Start with the tone. (Pinkish-red) – D

Up a full tone. (Orange) – E

Down a major third. (Purple) – C 

Down an octave. (Yellow) – C (an octave lower)

Up a perfect fifth. (White) – G

These are the tones and their corresponding colors that were bequeathed upon humanity by the extra-terrestrials in Close Encounters of the Third Kind and then relayed back to those aliens via a synthesizer and colored light patterns (and also a xylophone by a little kid). 

These tones establish contact with the aliens in the closing scenes, and also create the basis for the score of the entire film. They are, as best as can be surmised, the basis of a tonal language/alphabet that the aliens use to interact with the humans. In short, they are very important to the movie.

They also are, in my experience and of many others, what the viewer takes with them the most after seeing the film. Those tones replayed in my head, like a man trying to communicate with the mothership. I recalled the people in India, sitting at the spot of a UFO sighting, and as one, chanting the five tones over and over again, faces turned towards the ever-present heavens, alight with joy and expectation. The sounds made their way into pop culture, signifying that there may be aliens among us even to those who have not seen the movie. 
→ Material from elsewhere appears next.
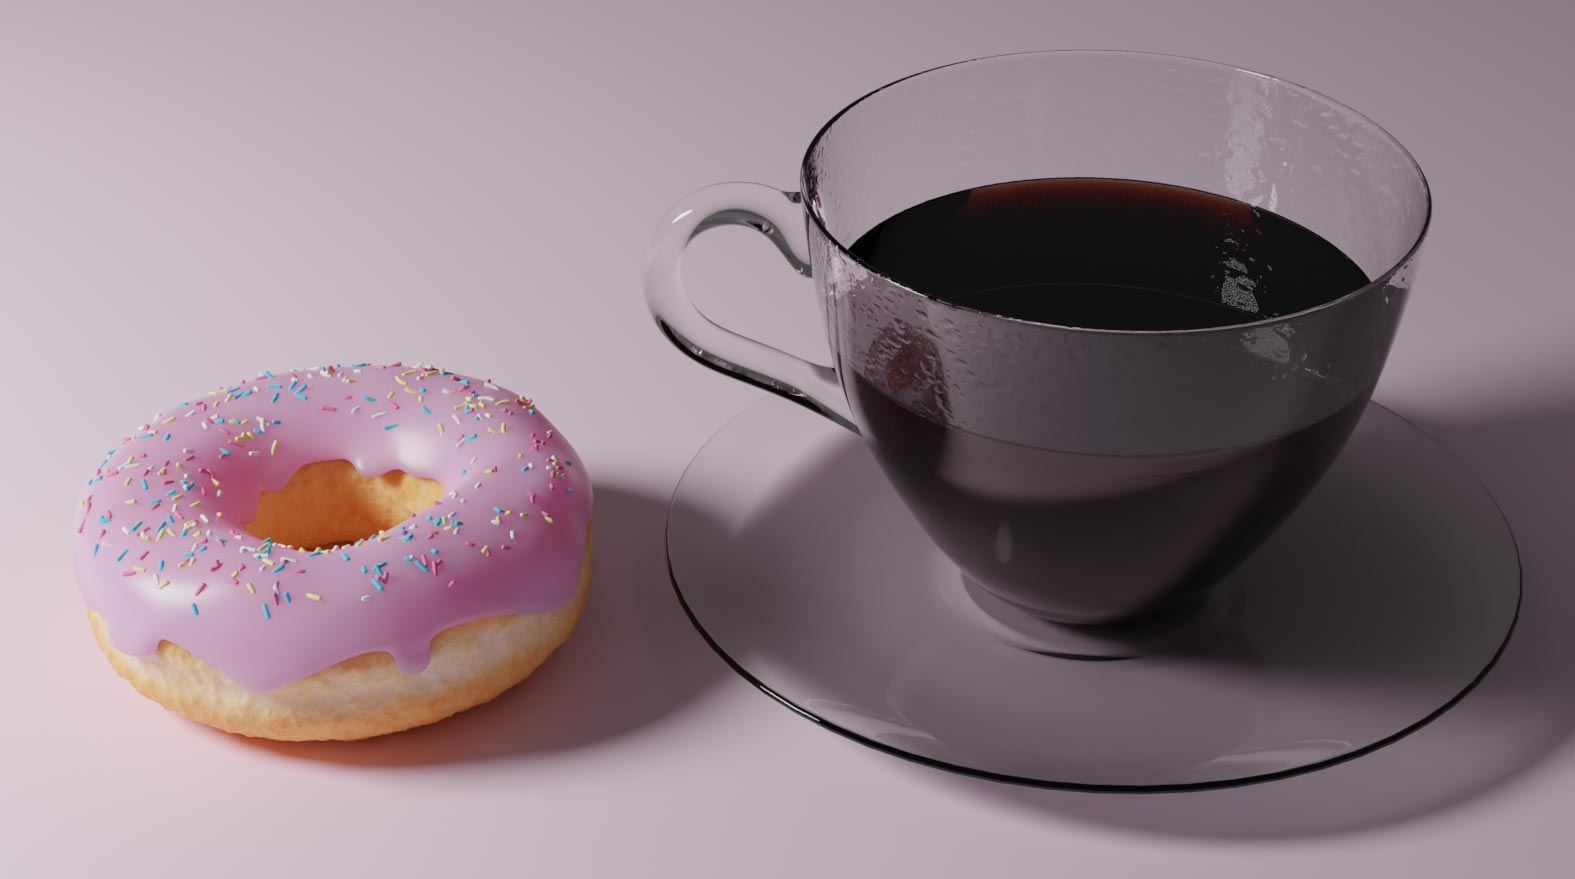 A 3d render of a donut with pink icing next to a glass cup with coffee on a light pink background.

There is a foreignness to them, especially in that fourth note, that dips an octave and feels slightly off key, and in the way they end, with expectation and a lack of finality. But there is clear design, and comprehension- a composition to them as well. There is intelligence behind the design. They were not randomly thrown together, a feeling or a thought is being communicated through the tones, as music is wont to do. 
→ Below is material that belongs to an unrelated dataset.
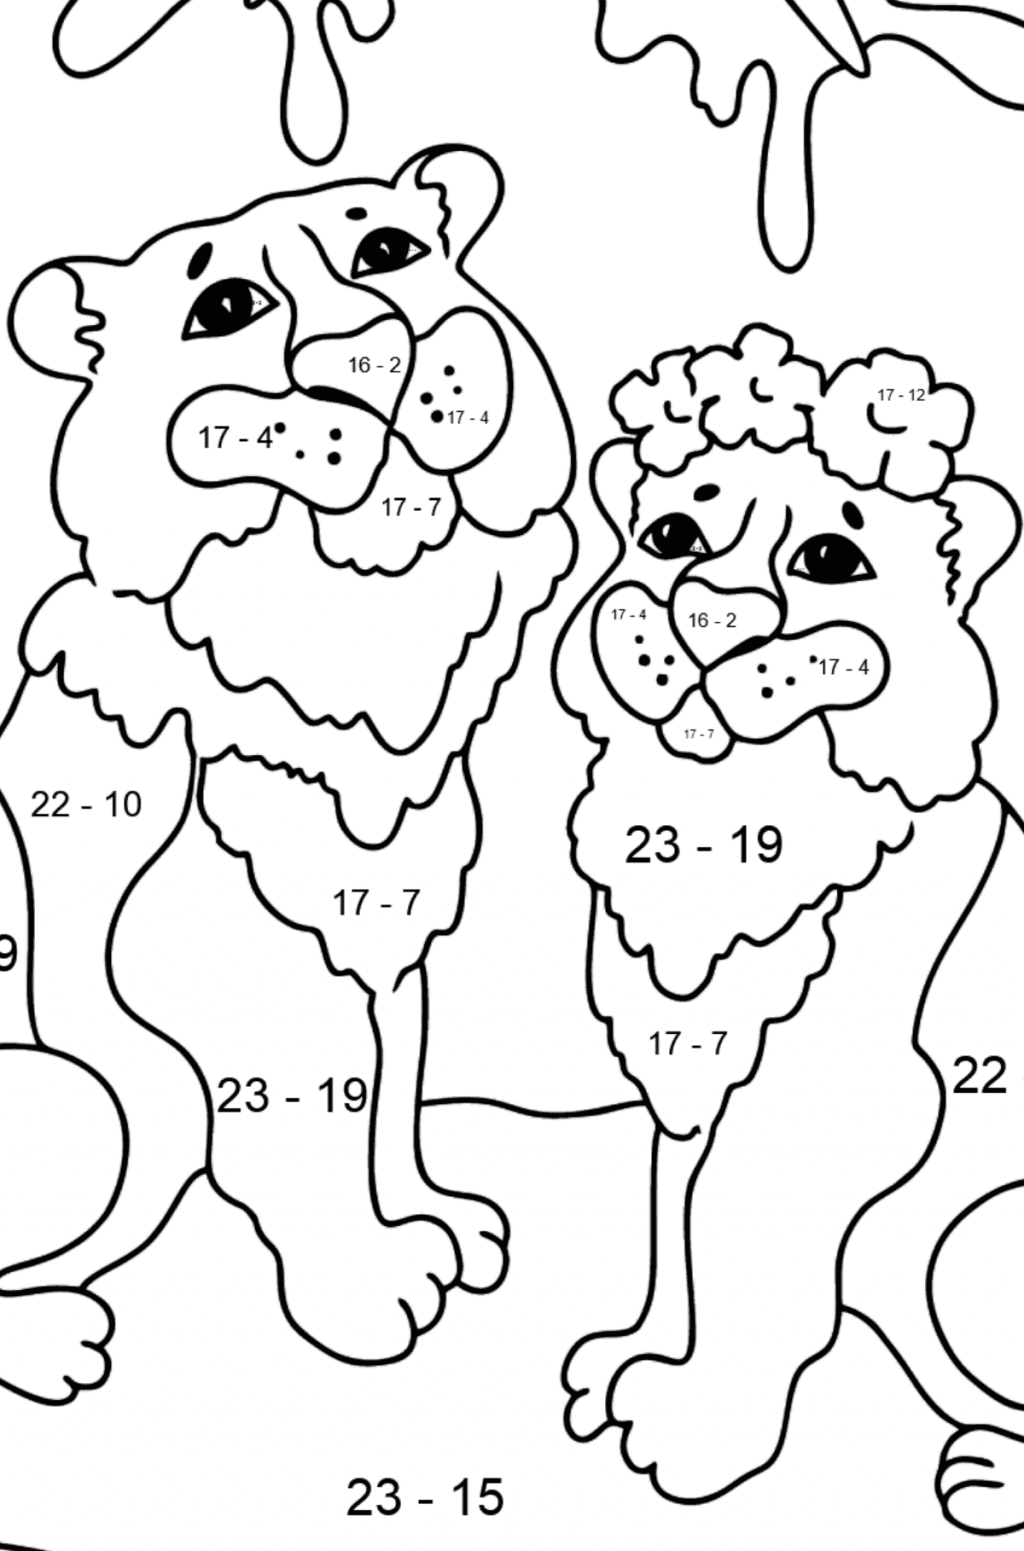 Online Coloring Page - Tigers with Butterflies

But the strangeness of the tones, and Close Encounters in general, is the lack of any clarity to the meaning of that collection of sounds. The scientists conclude, during the exchange with the mothership, that they are being taught a quasi-tonal alphabet. As one man put it, “It’s the first day of school fellas.” But even though the tones result in a reaction from the aliens, we don’t know what was communicated.